3

The following code and hence a question on performance - imagine of course at scale:

import org.apache.spark.sql.types.StructType

val df = sc.parallelize(Seq(
   ("r1", 1, 1),
   ("r2", 6, 4),
   ("r3", 4, 1),
   ("r4", 1, 2)
   )).toDF("ID", "a", "b")

val ones = df.schema.map(c => c.name).drop(1).map(x => when(col(x) === 1, 1).otherwise(0)).reduce(_ + _)

// or

def ones = df.schema.map(c => c.name).drop(1).map(x => when(col(x) === 1, 1).otherwise(0)).reduce(_ + _)

df.withColumn("ones", ones).explain

Here under two Physical Plans for when using def and val - which are the same:

 == Physical Plan == **def**
 *(1) Project [_1#760 AS ID#764, _2#761 AS a#765, _3#762 AS b#766, (CASE WHEN (_2#761 = 1) THEN 1 ELSE 0 END + CASE WHEN (_3#762 = 1) THEN 1 ELSE 0 END) AS ones#770]
 +- *(1) SerializeFromObject [staticinvoke(class 
 org.apache.spark.unsafe.types.UTF8String, StringType, fromString, assertnotnull(input[0, scala.Tuple3, true])._1, true, false) AS _1#760, assertnotnull(input[0, scala.Tuple3, true])._2 AS _2#761, assertnotnull(input[0, scala.Tuple3, true])._3 AS _3#762]
   +- Scan[obj#759]


 == Physical Plan == **val**
 *(1) Project [_1#780 AS ID#784, _2#781 AS a#785, _3#782 AS b#786, (CASE WHEN (_2#781 = 1) THEN 1 ELSE 0 END + CASE WHEN (_3#782 = 1) THEN 1 ELSE 0 END) AS ones#790]
 +- *(1) SerializeFromObject [staticinvoke(class 
 org.apache.spark.unsafe.types.UTF8String, StringType, fromString, assertnotnull(input[0, scala.Tuple3, true])._1, true, false) AS _1#780, assertnotnull(input[0, scala.Tuple3, true])._2 AS _2#781, assertnotnull(input[0, scala.Tuple3, true])._3 AS _3#782]
    +- Scan[obj#779] 

So, there is the discussion on:

val vs def performance.

Then:

  • I see no difference in the .explains. OK.
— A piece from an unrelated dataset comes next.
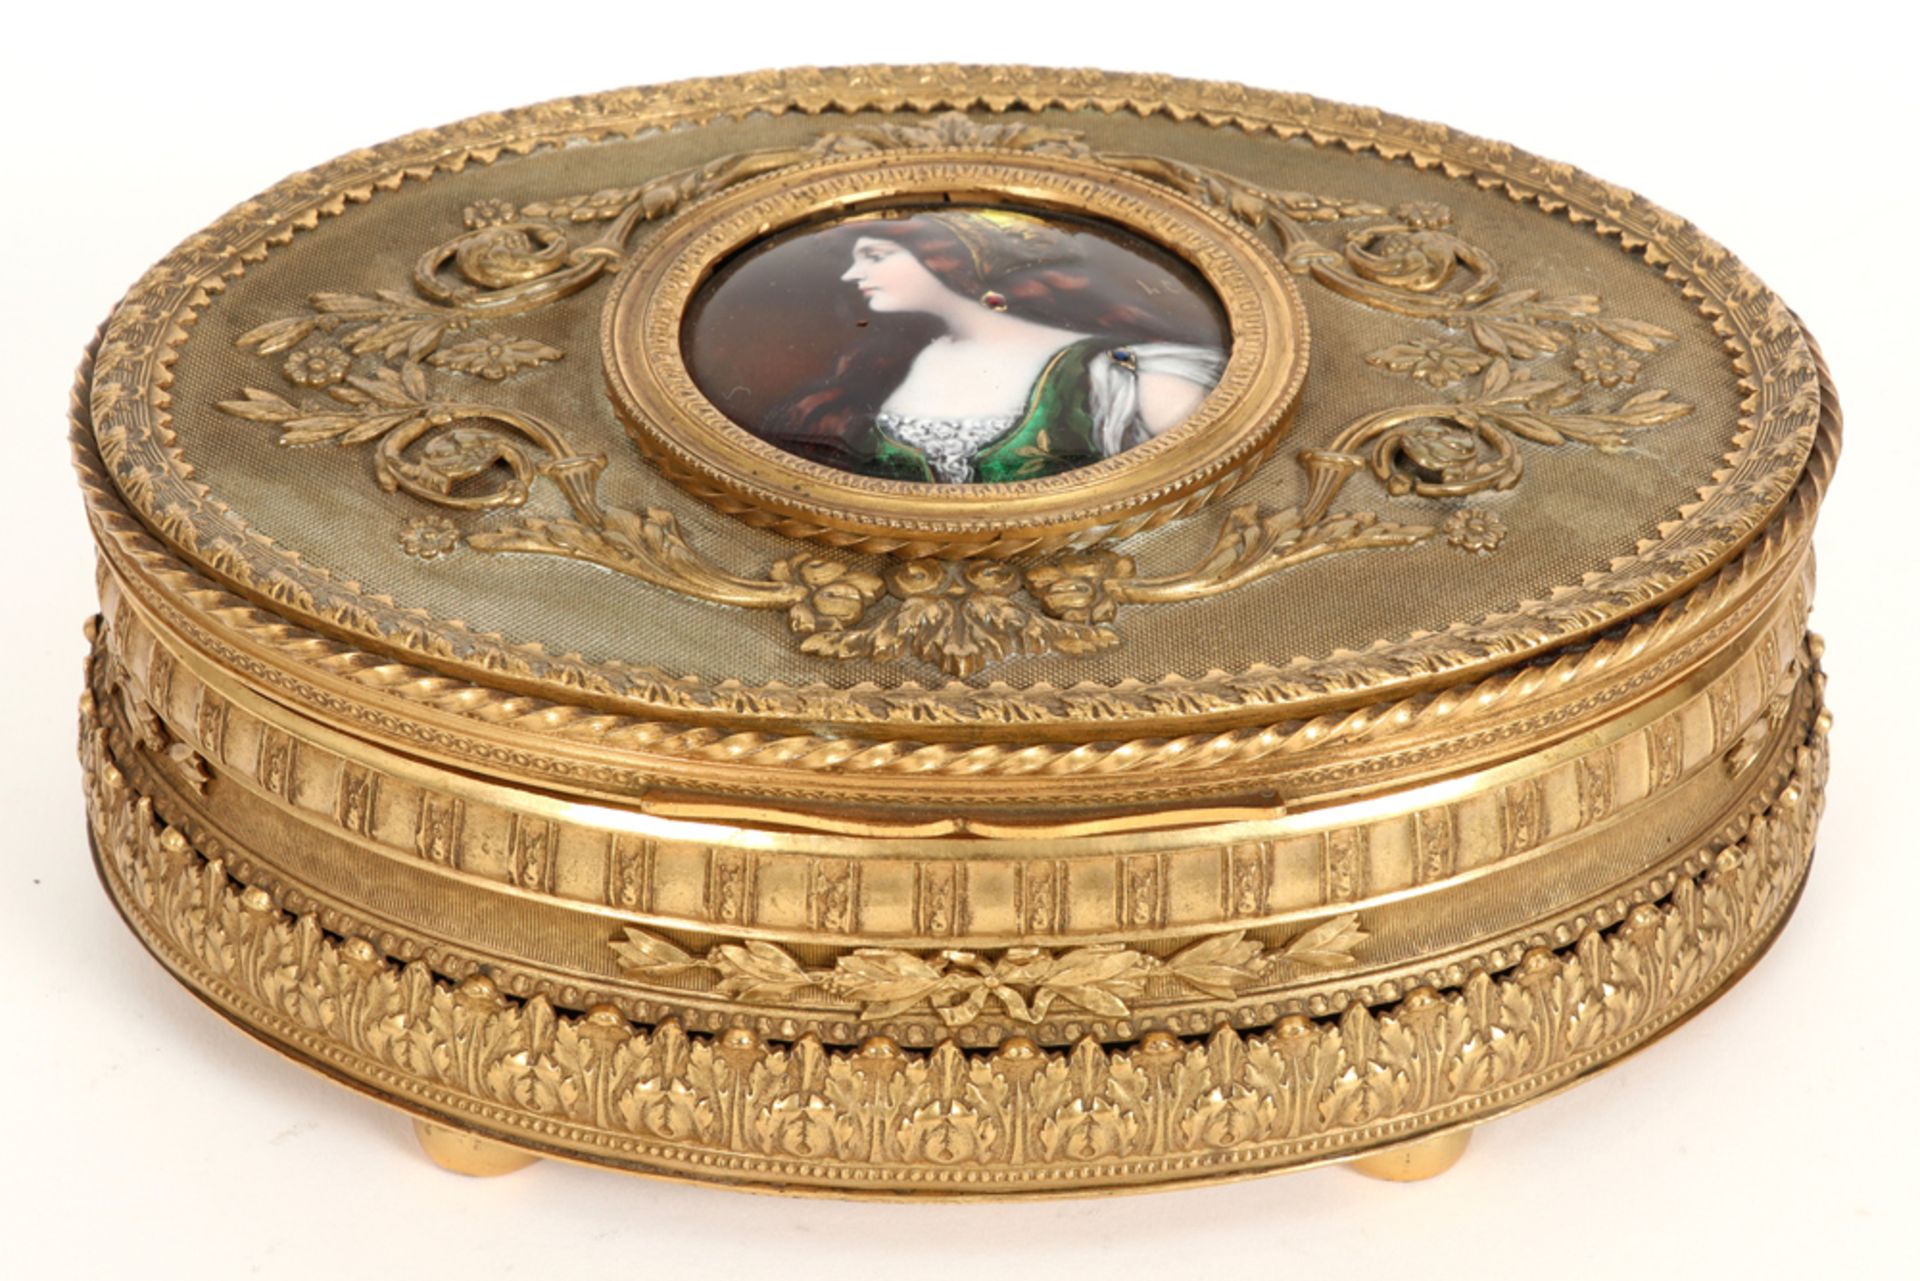 antique oval box in gilded metal with on its lid a round Limoges enamel plaque || Antieke ovale doos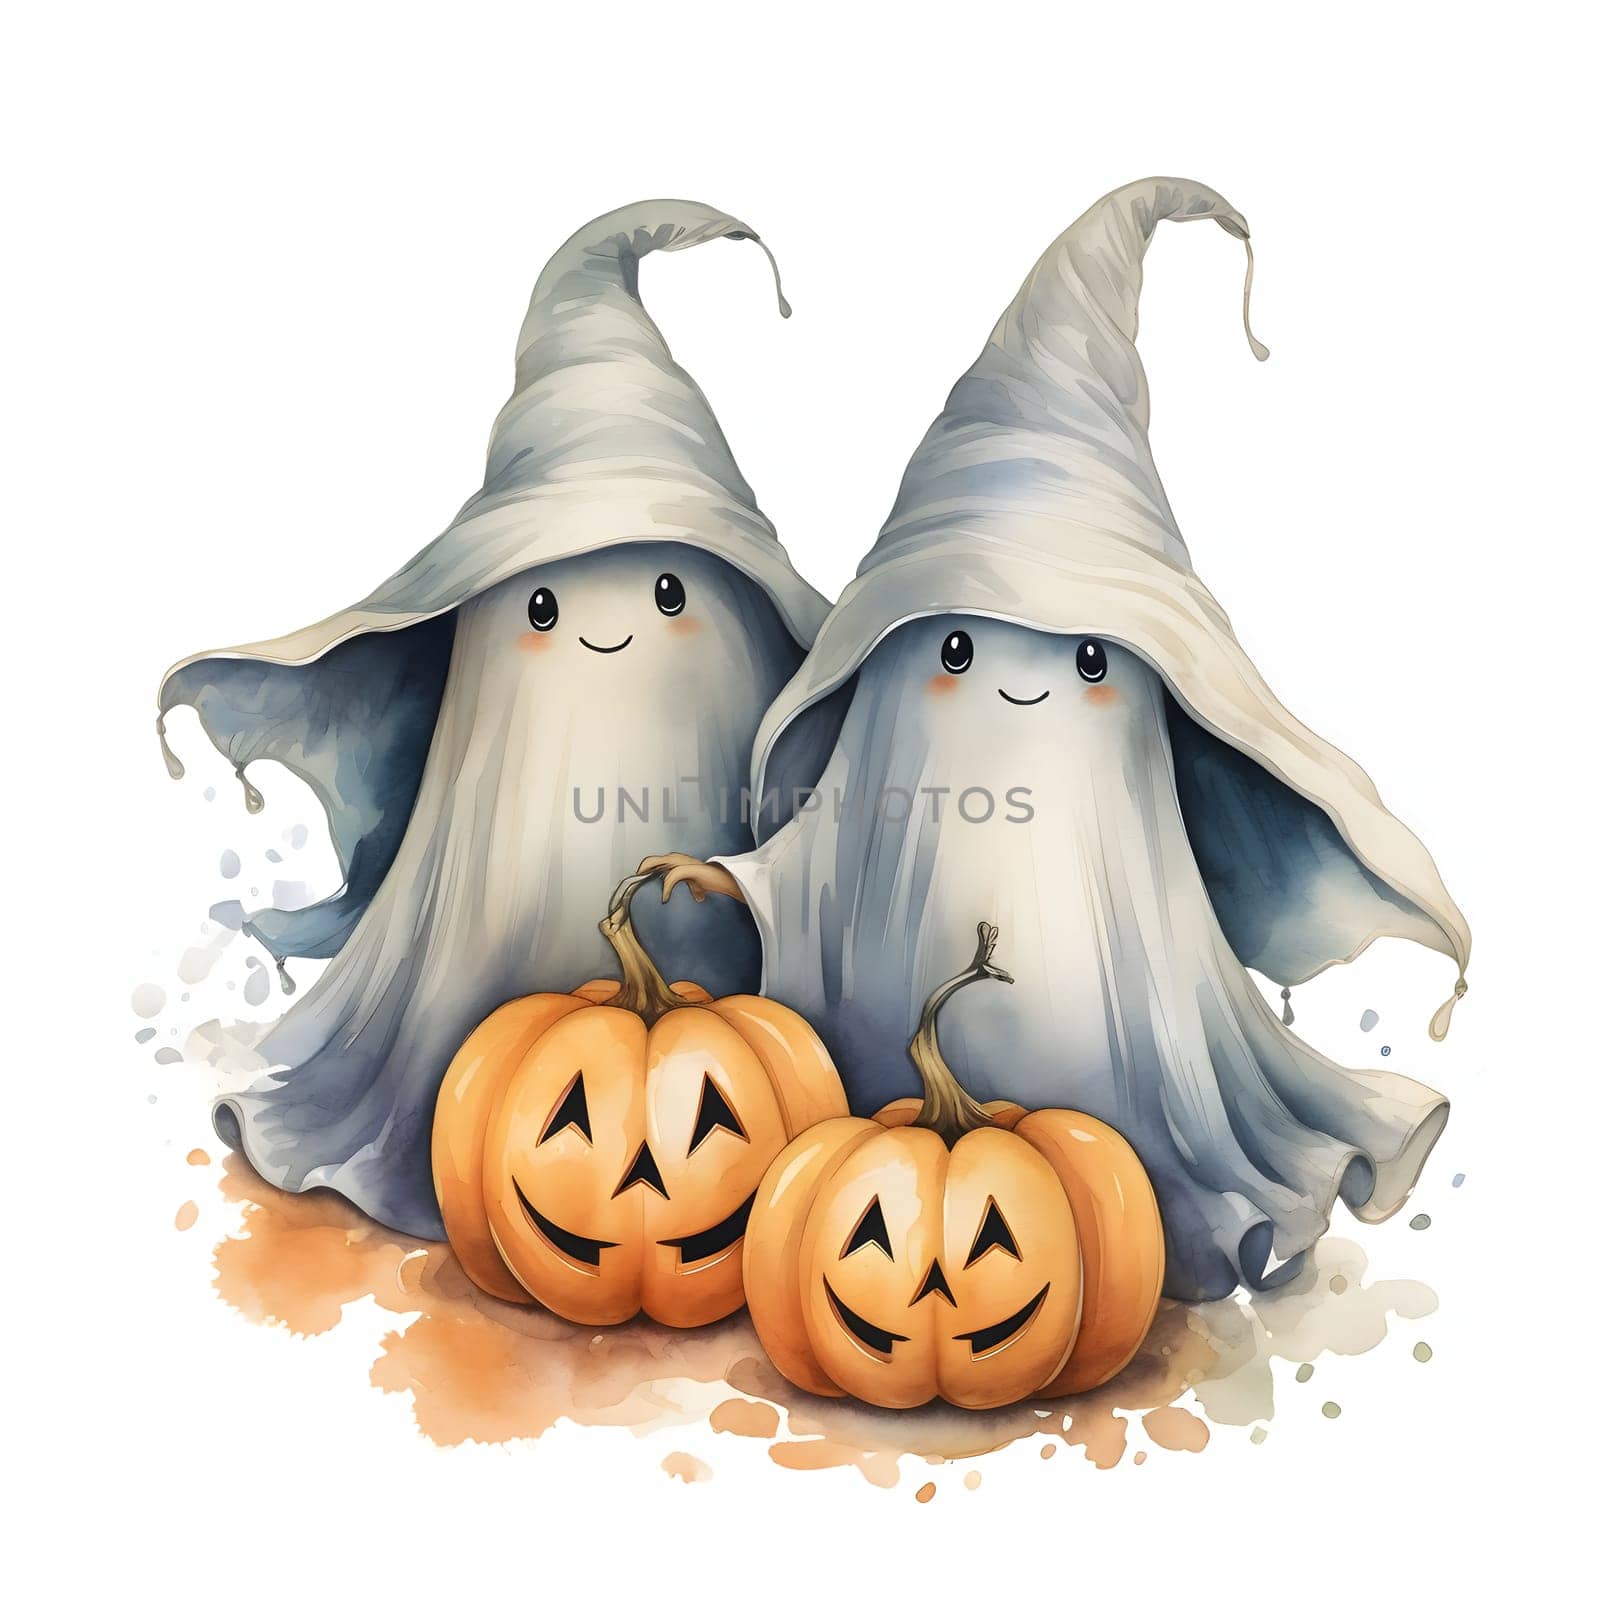 Two ghosts in hats and two jack-o-lantern pumpkins, Halloween image on a white isolated background. by ThemesS

  • From elsewhere: val evaluates when defined, def - when called.

  • I am assuming that it makes no difference whether a val or def is used here as it essentially within a loop and there is a reduce. Is this correct?
  • Will df.schema.map(c => c.name).drop(1) be executed per dataframe row? There is of course no need. Does Catalyst optimize this?
  • If the above is true in that the statement is executed every time for the columns to process, how can we make that piece of code occur just once? Should we make a val of val ones = df.schema.map(c => c.name).drop(1)
  • val, def is more than Scala, also Spark component.

To the -1er I ask thus this as the following is very clear, but the val ones has more to it than code below and the below is not iterated:

var x = 2 // using var as I need to change it to 3 later
val sq = x*x // evaluates right now
x = 3 // no effect! sq is already evaluated
println(sq)
thebluephantom
  • 16,458
  • 8
  • 40
  • 83

2 Answers2

8

There are two core concepts at hand here, Spark DAG creation and evaluation, and Scala's val vs def definitions, these are orthogonal

I see no difference in the .explains

You see no difference because from Spark's perspective, the query is the same. It doesn't matter to the analyser if you store the graph in a val or create it each time with a def.

From elsewhere: val evaluates when defined, def - when called.

This is Scala semantics. A val is an immutable reference which gets evaluated once at the declaration site. A def stands for method definition, and if you allocate a new DataFrame inside it, it will create one each time you call it. For example:

def ones = 
  df
   .schema
   .map(c => c.name)
   .drop(1)
   .map(x => when(col(x) === 1, 1).otherwise(0))
   .reduce(_ + _)

val firstcall = ones
val secondCall = ones

The code above will build two separate DAGs over the DF.

I am assuming that it makes no difference whether a val or def is used here as it essentially within a loop and there is a reduce. Is this correct?

I'm not sure which loop you're talking about, but see my answer above for the distinction between the two.

Will df.schema.map(c => c.name).drop(1) be executed per dataframe row? There is of course no need. Does Catalyst optimize this?

No, drop(1) will happen for the entire data frame, which will essentially make it drop the first row only.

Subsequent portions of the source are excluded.